> [Task data]:
• • • • •

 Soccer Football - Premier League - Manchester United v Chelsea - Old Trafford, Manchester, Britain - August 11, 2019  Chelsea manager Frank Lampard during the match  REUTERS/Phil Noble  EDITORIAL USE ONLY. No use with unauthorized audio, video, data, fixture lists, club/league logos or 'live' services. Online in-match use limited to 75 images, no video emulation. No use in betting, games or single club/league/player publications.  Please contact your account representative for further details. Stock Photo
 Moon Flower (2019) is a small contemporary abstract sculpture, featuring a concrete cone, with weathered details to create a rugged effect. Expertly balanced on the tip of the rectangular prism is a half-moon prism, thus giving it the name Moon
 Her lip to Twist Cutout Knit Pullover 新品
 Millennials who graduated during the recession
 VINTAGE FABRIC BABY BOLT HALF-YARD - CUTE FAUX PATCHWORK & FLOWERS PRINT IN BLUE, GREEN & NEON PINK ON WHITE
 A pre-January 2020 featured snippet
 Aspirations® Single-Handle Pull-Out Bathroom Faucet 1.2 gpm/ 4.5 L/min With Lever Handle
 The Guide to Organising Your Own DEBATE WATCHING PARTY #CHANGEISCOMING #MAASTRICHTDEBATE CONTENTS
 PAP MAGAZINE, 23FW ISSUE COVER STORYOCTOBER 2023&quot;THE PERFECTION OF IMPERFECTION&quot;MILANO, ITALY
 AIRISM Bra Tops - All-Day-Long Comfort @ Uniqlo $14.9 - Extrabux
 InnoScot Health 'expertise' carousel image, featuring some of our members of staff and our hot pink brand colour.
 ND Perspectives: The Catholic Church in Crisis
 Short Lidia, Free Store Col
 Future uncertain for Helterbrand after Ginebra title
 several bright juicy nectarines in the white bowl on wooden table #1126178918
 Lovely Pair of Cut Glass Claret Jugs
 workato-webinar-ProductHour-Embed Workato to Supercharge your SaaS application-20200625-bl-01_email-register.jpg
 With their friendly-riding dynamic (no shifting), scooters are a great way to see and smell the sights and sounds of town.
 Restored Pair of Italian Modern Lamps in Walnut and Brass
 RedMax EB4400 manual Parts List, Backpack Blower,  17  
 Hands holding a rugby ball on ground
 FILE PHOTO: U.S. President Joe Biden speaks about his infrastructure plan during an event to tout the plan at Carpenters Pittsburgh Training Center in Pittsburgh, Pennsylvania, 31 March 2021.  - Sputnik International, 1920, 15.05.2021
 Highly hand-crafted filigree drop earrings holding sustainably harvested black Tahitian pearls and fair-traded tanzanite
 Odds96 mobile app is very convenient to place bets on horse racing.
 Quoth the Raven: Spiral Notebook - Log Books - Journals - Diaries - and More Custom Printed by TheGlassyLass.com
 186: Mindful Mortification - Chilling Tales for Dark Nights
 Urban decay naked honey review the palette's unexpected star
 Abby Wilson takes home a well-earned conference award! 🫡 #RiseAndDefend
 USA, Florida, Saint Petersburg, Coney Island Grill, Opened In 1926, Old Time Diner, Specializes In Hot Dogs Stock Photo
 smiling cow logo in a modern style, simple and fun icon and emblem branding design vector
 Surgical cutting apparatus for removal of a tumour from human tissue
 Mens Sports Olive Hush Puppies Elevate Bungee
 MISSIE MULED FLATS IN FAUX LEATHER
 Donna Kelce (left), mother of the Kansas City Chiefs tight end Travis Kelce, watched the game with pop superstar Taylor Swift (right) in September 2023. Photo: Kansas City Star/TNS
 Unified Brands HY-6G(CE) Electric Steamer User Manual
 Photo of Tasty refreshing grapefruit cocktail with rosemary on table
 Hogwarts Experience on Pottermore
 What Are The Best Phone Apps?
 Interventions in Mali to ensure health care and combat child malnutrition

• • • • •

> [What you will do]: Among the entries above, copy exactly only the lines starting with the one containing "VINTAGE FABRIC BABY" and going through the one containing "Hands holding a rugby ball on ground", both ends included.

> [Task output]:
 VINTAGE FABRIC BABY BOLT HALF-YARD - CUTE FAUX PATCHWORK & FLOWERS PRINT IN BLUE, GREEN & NEON PINK ON WHITE
 A pre-January 2020 featured snippet
 Aspirations® Single-Handle Pull-Out Bathroom Faucet 1.2 gpm/ 4.5 L/min With Lever Handle
 The Guide to Organising Your Own DEBATE WATCHING PARTY #CHANGEISCOMING #MAASTRICHTDEBATE CONTENTS
 PAP MAGAZINE, 23FW ISSUE COVER STORYOCTOBER 2023&quot;THE PERFECTION OF IMPERFECTION&quot;MILANO, ITALY
 AIRISM Bra Tops - All-Day-Long Comfort @ Uniqlo $14.9 - Extrabux
 InnoScot Health 'expertise' carousel image, featuring some of our members of staff and our hot pink brand colour.
 ND Perspectives: The Catholic Church in Crisis
 Short Lidia, Free Store Col
 Future uncertain for Helterbrand after Ginebra title
 several bright juicy nectarines in the white bowl on wooden table #1126178918
 Lovely Pair of Cut Glass Claret Jugs
 workato-webinar-ProductHour-Embed Workato to Supercharge your SaaS application-20200625-bl-01_email-register.jpg
 With their friendly-riding dynamic (no shifting), scooters are a great way to see and smell the sights and sounds of town.
 Restored Pair of Italian Modern Lamps in Walnut and Brass
 RedMax EB4400 manual Parts List, Backpack Blower,  17  
 Hands holding a rugby ball on ground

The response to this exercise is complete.